5.3 Structures of IDNS servers

   The operation of IDNS server is similar to the current one of DNS 
   server, but the IDNS server accepts UTF-8 queries and converts them 
   to the appropriate formats additionally.
   
   The IDNS server distinguishes between the IDNS queries and DNS 
   queries by checking IN bit in the query/response format header. 
   According to the 'IN' bit, it operates differently.
   
   The procedures of the operation of an IDNS server are below:
   
   <1>. If the IN bit in the query/response format header is set to 1 
   then it matches the domain name within zone file data or forwards 
   request query to resolve. It operates as same as the operations of 
   the current DNS servers but retrieves UTF-8 code. In this case, it 
   needs not to make domain name canonicalized because the domain name 
   is already canonicalized in the previous procedures of IDNS resolvers 
   or IDNS servers. Go to step <7>.
   
   <2>. Set IN bit to 1.
   
   <3>. Store the original domain name query.
   
   <4>. Make the domain name case-folded with locale-independent case-
   mapping table defined in [UTR21].
   
   <5>. Match the domain name within zone file data or send request 
   query to lookup.
   
   <6>. Restore the original domain name query into the response query 
   format.
   
   <7>. Send response for the query to the resolver or the other server 
   requested.


5.4 Interoperability with the current DNS

   The DNS servers and resolvers accept domain names in ASCII only. But 
   IDNS servers and resolvers accept domain names in UTF-8. Therefore, 
   the queries from DNS ones to IDNS ones can be well handled because 
   the UTF-8 is a superset of ASCII code.

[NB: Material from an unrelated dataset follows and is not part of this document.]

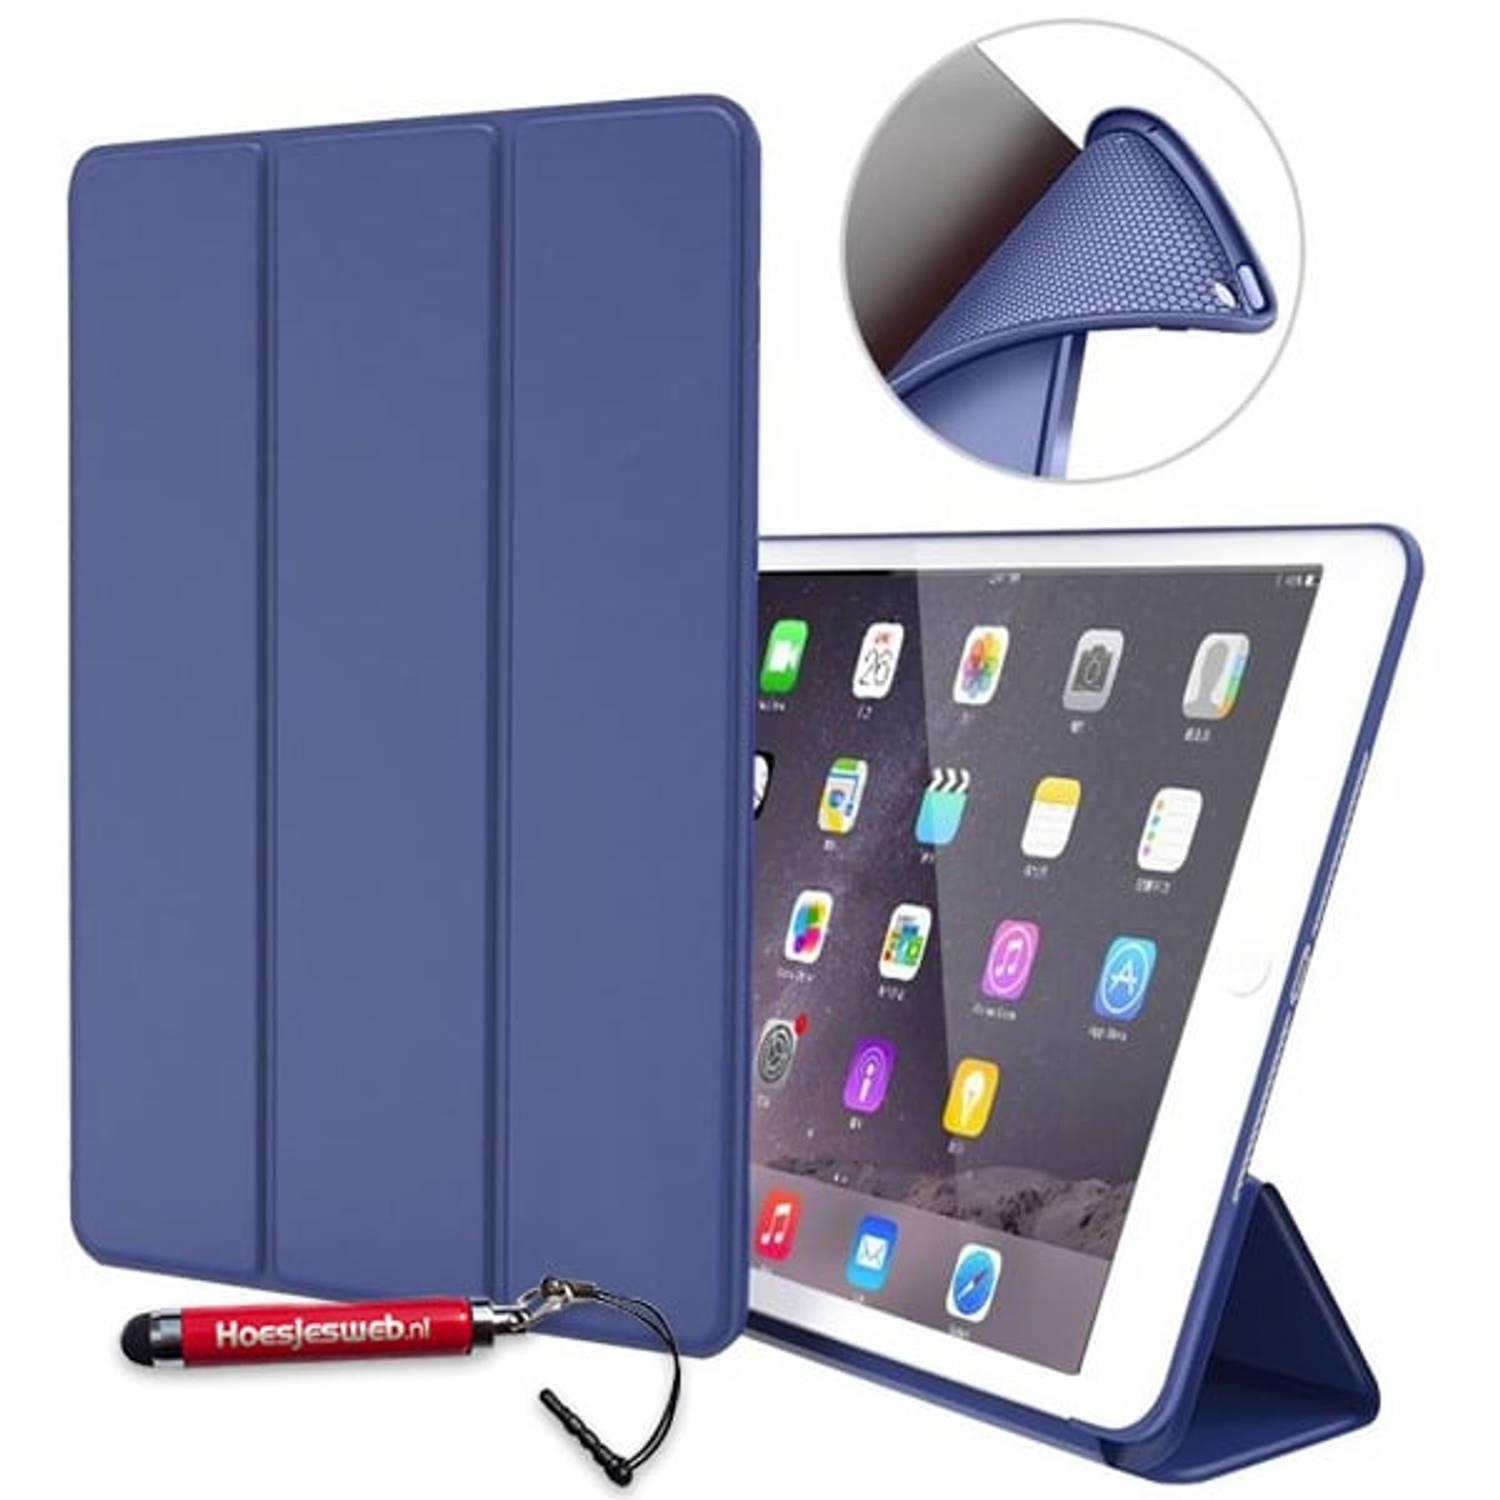 Hem Apple Ipad Air 2 Bookcover Donkerblauw Met Siliconenachterkant En Hoesjeswebstylus

But the queries from IDNS ones 
   to DNS ones will be rejected because the UTF-8 code is beyond the 
   range of ASCII code.
   
   Note: There are some implementations which can handle UTF-8 domain 
   names although they don't fit on this specification of IDNS and fully 
   implemented with DNS protocol specification, e.g. Microsoft's DNS 
   server and resolvers. In this case, we cannot guarantee that the 
   queries from these 3rd-party implementations are encoded into UTF-8 
   and well canonicalized. But this queries are set 'IN' bit to 0, so 
   that the IDNS evaluates whether the domain name is the range of UTF-8 
   or not, and converts it into UTF-8 and makes it canonicalized finally.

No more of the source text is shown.